Epoch,Training Loss,Validation Loss,Accuracy
1,0.3053,0.116356,0.91268
2,0.1212,0.116875,0.91288
3,0.1106,0.101123,0.9244
4,0.1016,0.099826,0.92528
5,0.0962,0.101324,0.92704
6,0.0913,0.097965,0.92816
7,0.0858,0.099598,0.92908
8,0.0848,0.099813,0.9286
9,0.0809,0.100888,0.92944
10,0.0807,0.10016,0.92872


There were missing keys in the checkpoint model loaded: ['encoder.embed_tokens.weight', 'decoder.embed_tokens.weight', 'lm_head.weight'].

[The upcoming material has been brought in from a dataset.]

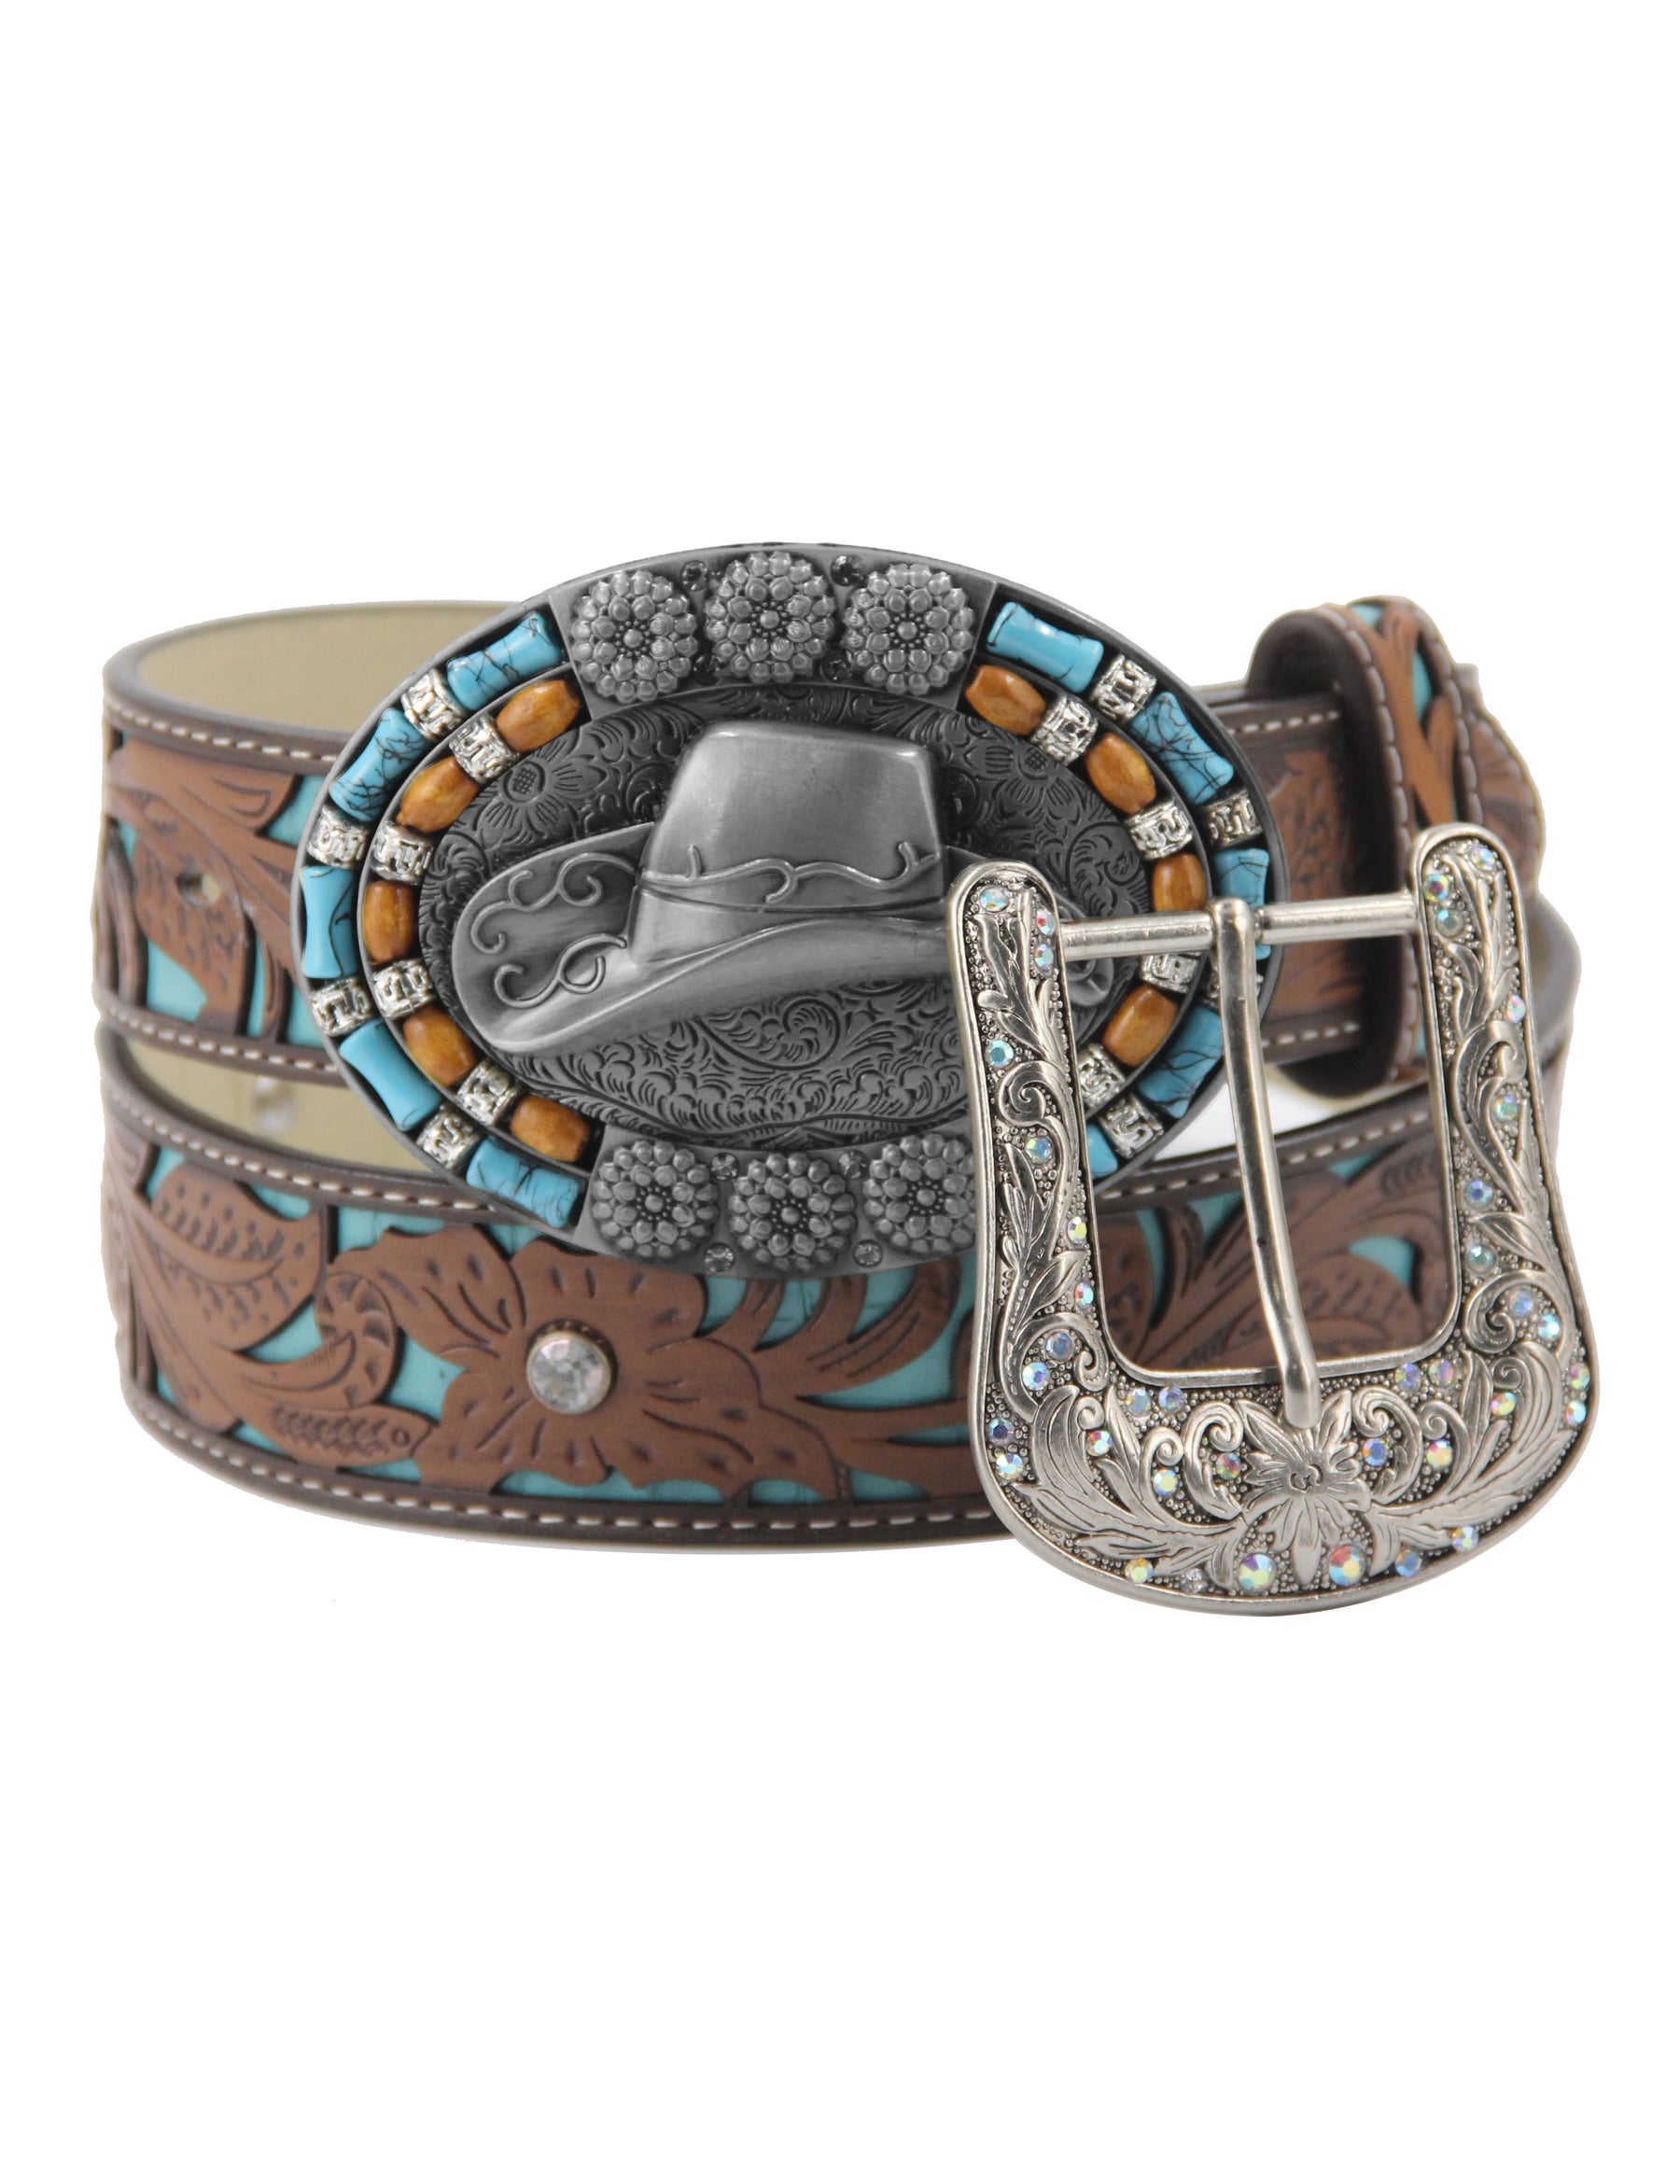 TOPACC Western Turquoise Belts - Cowboy Hat Belt Buckle Copper/Bronze

Standard fine-tuning results: {'eval_loss': 0.10088798403739929, 'eval_accuracy': 0.92944, 'eval_runtime': 126.9253, 'eval_samples_per_second': 196.966, 'eval_steps_per_second': 3.081, 'epoch': 10.0}


#### FREEZE FINE-TUNING

In [None]:
# ------------- Freeze Fine-tuning -------------
print("Freeze Fine-tuning")

from transformers import T5ForConditionalGeneration

# Load base model
model = T5ForConditionalGeneration.from_pretrained(model_name)

# Freeze encoder
for param in model.encoder.parameters():
    param.requires_grad = False

# Freeze shared embedding
for param in model.shared.parameters():
    param.requires_grad = False

# Setup training arguments
training_args = get_training_args("t5-imdb-freeze")

# Initialize trainer
trainer = BeamSearchTrainer(
    model=model,
    args=training_args,
    train_dataset=train_dataset,
    eval_dataset=eval_dataset,
    tokenizer=tokenizer,
    compute_metrics=compute_metrics,
    callbacks=[EarlyStoppingCallback(early_stopping_patience=3)],
    custom_tokenizer=tokenizer,  # Pass the tokenizer for beam search
)

# Start training
trainer.train()

# Evaluate model
print("Evaluation:")
freeze_results = trainer.evaluate()
print("Freeze fine-tuning results:", freeze_results)


Freeze Fine-tuning


Epoch,Training Loss,Validation Loss,Accuracy
1,0.8956,0.13217,0.891396
2,0.1496,0.121123,0.90324
3,0.1388,0.115645,0.907396
4,0.1347,0.113589,0.908636
5,0.1311,0.111689,0.911076
6,0.1293,0.110224,0.911673
7,0.126,0.10963,0.913157
8,0.1249,0.110075,0.912953
9,0.1237,0.108858,0.914433
10,0.1238,0.108736,0.914513


There were missing keys in the checkpoint model loaded: ['encoder.embed_tokens.weight', 'decoder.embed_tokens.weight', 'lm_head.weight'].


Evaluation:


Freeze fine-tuning results: {'eval_loss': 0.10873585939407349, 'eval_accuracy': 0.9145131610528843, 'eval_runtime': 142.3442, 'eval_samples_per_second': 175.631, 'eval_steps_per_second': 2.747, 'epoch': 10.0}


#### SUMMARY TABLE

In [17]:
from tabulate import tabulate

# Create a table 3 fine-tune techniques
results_table = [
    ["Standard", round(results_standard["eval_loss"], 4), round(results_standard["eval_accuracy"], 4)],
    ["Freeze", round(freeze_results["eval_loss"], 4), round(freeze_results["eval_accuracy"], 4)],
    ["LoRA", round(eval_results["eval_loss"], 4), round(eval_results["eval_accuracy"], 4)],
]

# Print the table
print(tabulate(results_table, headers=["Fine-tune Method", "Eval Loss", "Eval Accuracy"], tablefmt="github"))


| Fine-tune Method   |   Eval Loss |   Eval Accuracy |
|--------------------|-------------|-----------------|
| Standard           |      0.1009 |          0.9294 |
| Freeze             |      0.1087 |          0.9145 |
| LoRA               |      0.1231 |          0.9026 |


#### CONCLUSION

1. **Standard Fine-tuning** (Accuracy: **92.94%**, Loss: **0.1009**):
   - Achieves the **lowest eval loss** and **highest accuracy**.
   - Indicates that full fine-tuning unlocks the best model performance.
   - However, it is also the **most resource-intensive** (memory, GPU, training time).

2. **Freeze** (Accuracy: **91.45%**, Loss: **0.1087**):
   - Slightly worse performance than Standard.
   - A good trade-off between **efficiency** and **accuracy**.
   - Recommended when resources are limited or to avoid overfitting.

3. **LoRA (Low-Rank Adaptation)** (Accuracy: **90.26%**, Loss: **0.1231**):
   - Produces the **highest loss** and **lowest accuracy**.
   - Useful in **parameter-efficient** fine-tuning scenarios.
   - Acceptable choice for **scalability** or **low-resource environments**.

---
- **Standard**: Best performance (92.94% accuracy, 0.1009 loss), highest cost.
- **Freeze**: Balanced trade-off (91.45% accuracy, 0.1087 loss).
- **LoRA**: Efficient but slightly lower performance (90.26% accuracy, 0.1231 loss).

> **Summary**: For sentiment analysis on the IMDB dataset using `t5-small`, full fine-tuning (Standard) remains the most effective method in terms of evaluation performance.